Flagg Chapel has had a fairly chequered history. Its foundation stone was laid in July 1838 and the opening service took place in July 1839. Situated in a rather remote spot in Derbyshire, it has closed or been near to closure on a number of occasions.
The stained-glass window is in memory of Charles Wollen, a lay preacher from Sheffield who had largely been responsible, for many years, for keeping the services going. He died on 11 April 1898. An inscription below the images reads To the Glory of God and in loving memory of Charles Wollen who died April 11th 1898 aged 82 years. Erected by his friends as a tribute to his transparent goodness, and as a mark of their appreciation of his self-denying labours during many years for the congregation worshipping in this chapel.

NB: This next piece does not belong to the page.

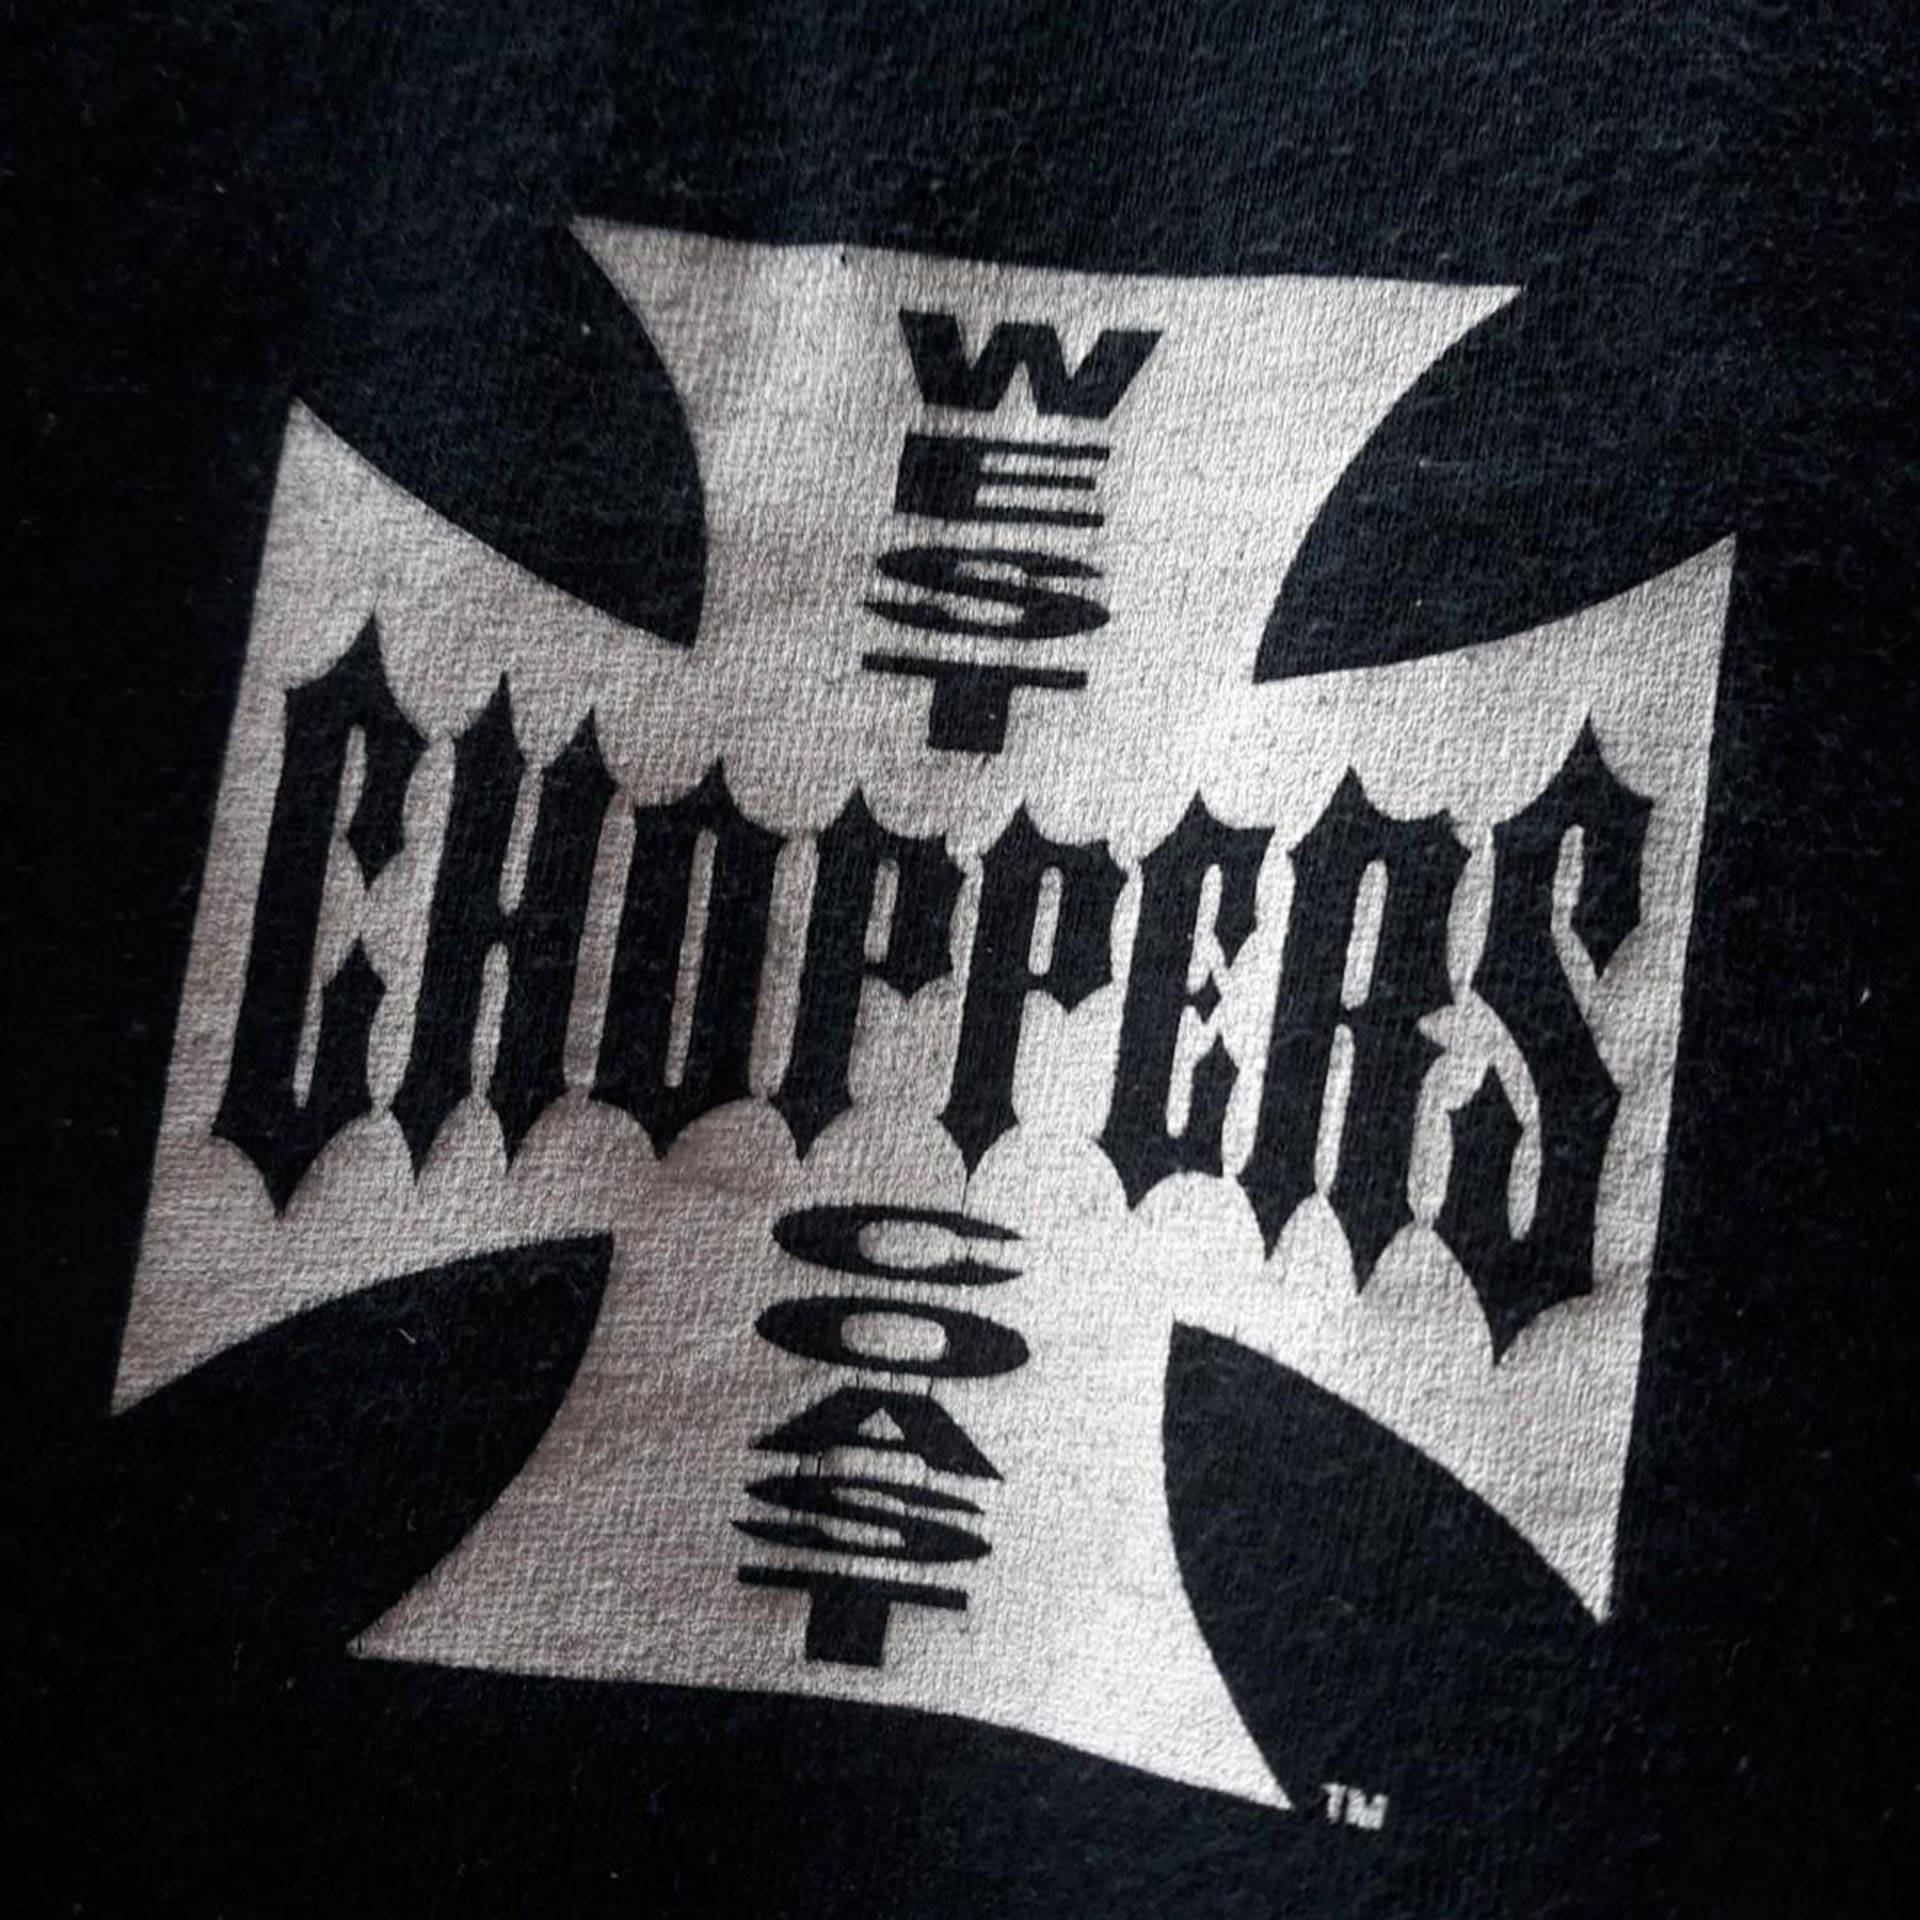 Top 999 West Coast Choppers Wallpaper Full Hd 4k Free To Use

The window portrays Jesus with the woman at the well (John, Chapter 4).
In 1927 its Unitarian trustees were planning to sell it when Annie Beard Woodhouse decided that it might be revived as a sort of 'youth chapel' and meeting place for young people.
Mrs Woodhouse was a granddaughter of John Relly Beard, founder of Unitarian College, Manchester. Her father, James Rait Beard, became president of the Manchester District Association and she and he went driving around to visit buildings in their area. Flagg was in their itinerary and they found it in a run-down state. Mrs Beard decided to buy a property nearby, the Green, which whe could use as a weekend cottage, partly as a personal retreat to escape the smog of central Manchester and also to support a cause which was in need of encouragement.
She gave the property to FOY, the Fellowship of Youth, because of the tumbled down barn on the drive which some of the then young people thought would make a good FOY project.
The last Unitarian congregation ceased to meet in 1963 and the chapel was then used by Anglicans. The recent re-introduction of occasional Unitarian services dates from 1989, which as it happens was the 150th anniversary of the opening of the building.